US 11,656,524 B2
Electrophoretic display media with network electrodes and methods of making and using the same
Richard J. Paolini, Jr., Framingham, MA (US); and Jay William Anseth, Canton, MA (US)
Assigned to E Ink Corporation, Billerica, MA (US)
Filed by E INK CORPORATION, Billerica, MA (US)
Filed on Oct. 15, 2021, as Appl. No. 17/502,637.
Application 17/502,637 is a continuation of application No. 16/382,381, filed on Apr. 12, 2019, granted, now 11,175,561.
Claims priority of provisional application 62/656,660, filed on Apr. 12, 2018.
Prior Publication US 2022/0043319 A1, Feb. 10, 2022
Int. Cl. G02B 26/00 (2006.01); G02F 1/167 (2019.01); G02F 1/1676 (2019.01); G02F 1/16757 (2019.01); G02F 1/1675 (2019.01)

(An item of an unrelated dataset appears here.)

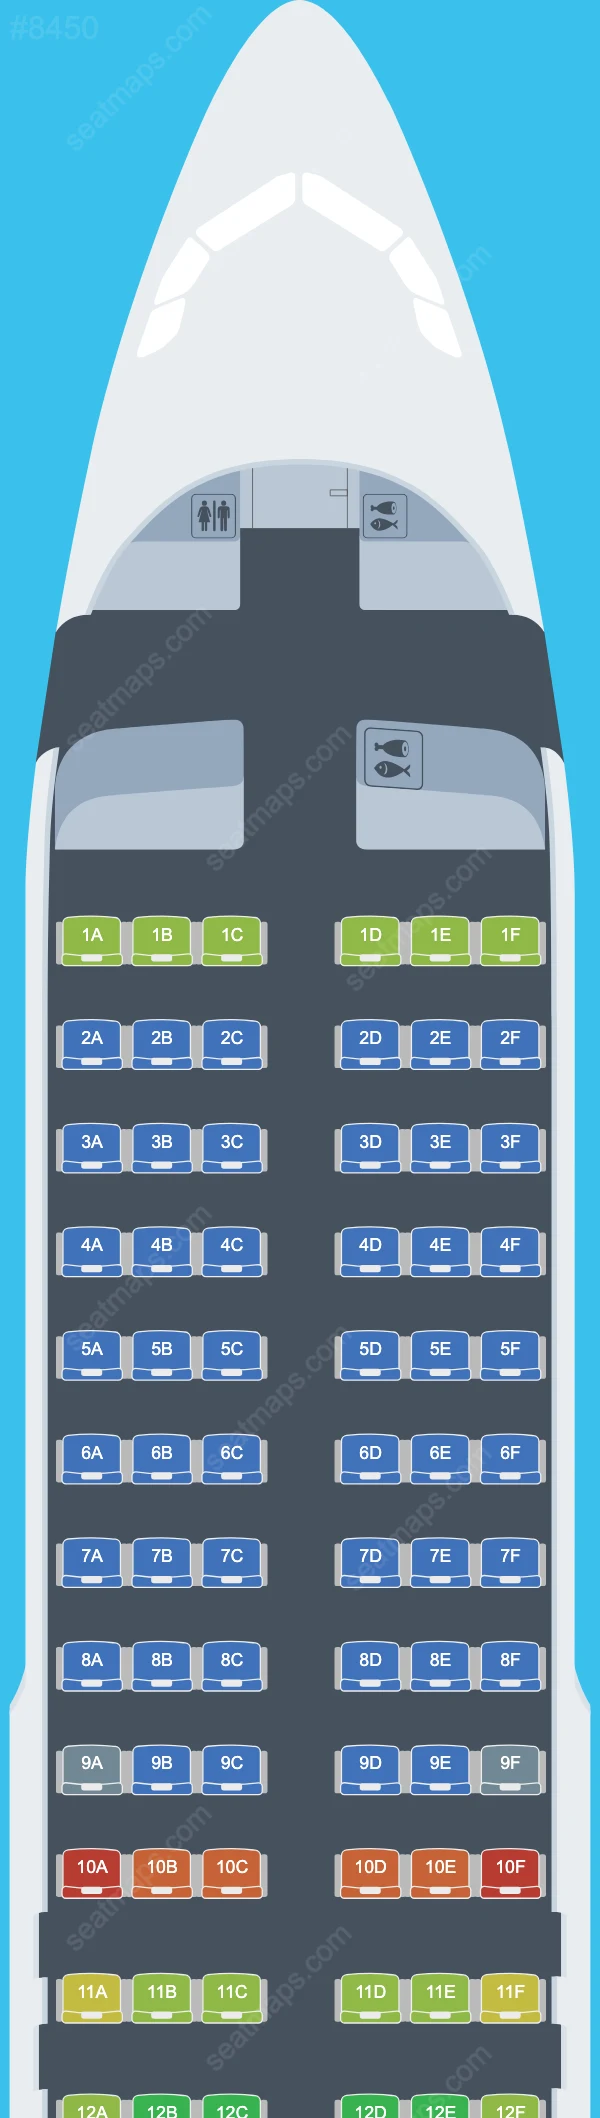 British Airways Airbus A320 Seat Maps A320-200neo V.1

CPC G02F 1/167 (2013.01) [G02F 1/1676 (2019.01); G02F 1/16757 (2019.01); G02F 2001/1678 (2013.01)] 15 Claims
OG exemplary drawing
 
1. A process for making an electrophoretic display medium,
the electrophoretic display medium including:
a substrate having a top surface,
a network electrode of conductive material disposed adjacent to and contacting the top surface,
an electrophoretic layer disposed adjacent to and contacting the top surface, the electrophoretic layer comprising a plurality of encapsulated droplets of an internal phase in a continuous polymeric binder,
the internal phase comprising a plurality of particles disposed in a fluid,
the particles being capable of moving through the fluid upon application of an electric field,
the electrophoretic layer being constructed such that a top portion of the plurality of encapsulated droplets includes spaces between the encapsulated droplets for the conductive material forming the network electrode, and a bottom portion of the plurality of encapsulated droplets of the internal phase being embedded within the continuous polymeric binder, and
a bottom electrode on the opposite side of the electrophoretic layer from the network electrode,
the process for making an electrophoretic display medium comprising:
a) applying a flowable conductive material onto the top surface of the substrate;
b) embedding the plurality of encapsulated droplets into the flowable conductive material, thereby displacing at least a portion of the flowable conductive material and initiating contact between the plurality of encapsulated droplets and the top surface of the substrate; and
c) solidifying the flowable conductive material into a network electrode thereby resulting in the network electrode having a volume resistivity of less than 1×103 Ohm-cm.